The walk is held yearly at the Boston Common and is two laps around the perimeter, equaling about 2 miles. All survivors got a white illuminated balloon and tshirt (with the word “Survivor” across the back). Others had to raise at least $100 toward leukemia, lymphoma, and multiple myleoma in order to receive their balloons. My mom was able to raise over $300 thanks largely to her superstar coworkers and got a red balloon, which meant that she was a supporter. Sadly, there were many gold balloons which signified that a walker was walking in remembrance of someone.
There were several speaking programs that my mom and I skipped because I didn’t want to hear them. I struggle listening about people who have passed away. I don’t feel out of the woods enough to have survivor’s guilt yet, but hearing about others’ losses makes me anxious about my own prognosis.
I was happy to make it about a mile and a half. I haven’t walked very far since early on in the beginning of my treatment because of fatigue. The last time I walked a mile was probably sometime in June. I only had to sit down once. Next year I will absolutely make it the 2 miles.
As far as other life updates: My mom is in town until Sunday. Hooray! We saw my grandparents yesterday and my brother and his wonderful girlfriend, Mary, today.
I did indeed fly in a plane a few weeks ago. And I didn’t cry! It was pretty cloudy so we weren’t up for very long.
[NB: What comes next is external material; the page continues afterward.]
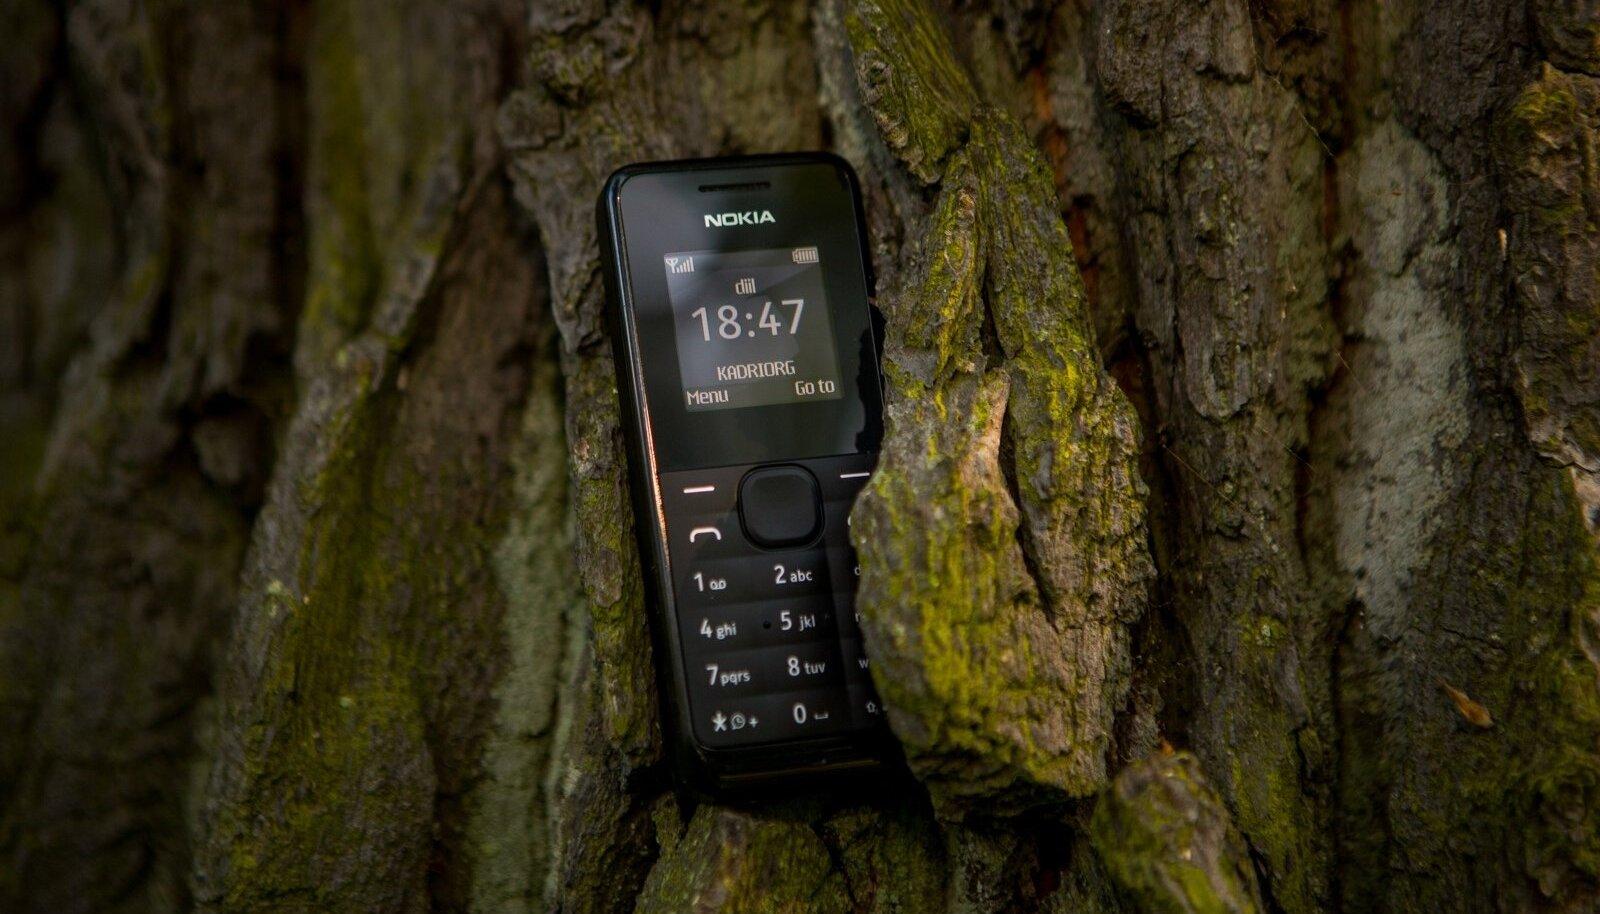 Metsamehe Nokia

Good news: I think I identified the root of my phobia of flying. I have no control in a commercial airliner. Now, I don’t have any control in a Cessna either, but I can see the cockpit and instruments, watch the pilot (though Will’s concentration face was making me panic a little), and I have my own headset so I can hear everything that’s going on. Not to mention that I feel like I can jump out if I need to. No one is saying my phobia is moored in reality. It was nice to not feel like I was one step away from being carted off to a psych ward when on a plane. Maybe this is one step to getting over the fear. Unfortunately, I didn’t get any pictures inside of the plane or when we were up in the air because I was scared of taking pictures with my phone due to the conditioning from commercial flights. Really, I tend to think that’s mostly security theatre since if any plane instrumentation is going to go haywire due to cell phone signals, it’s a Cessna, but I wasn’t taking that chance.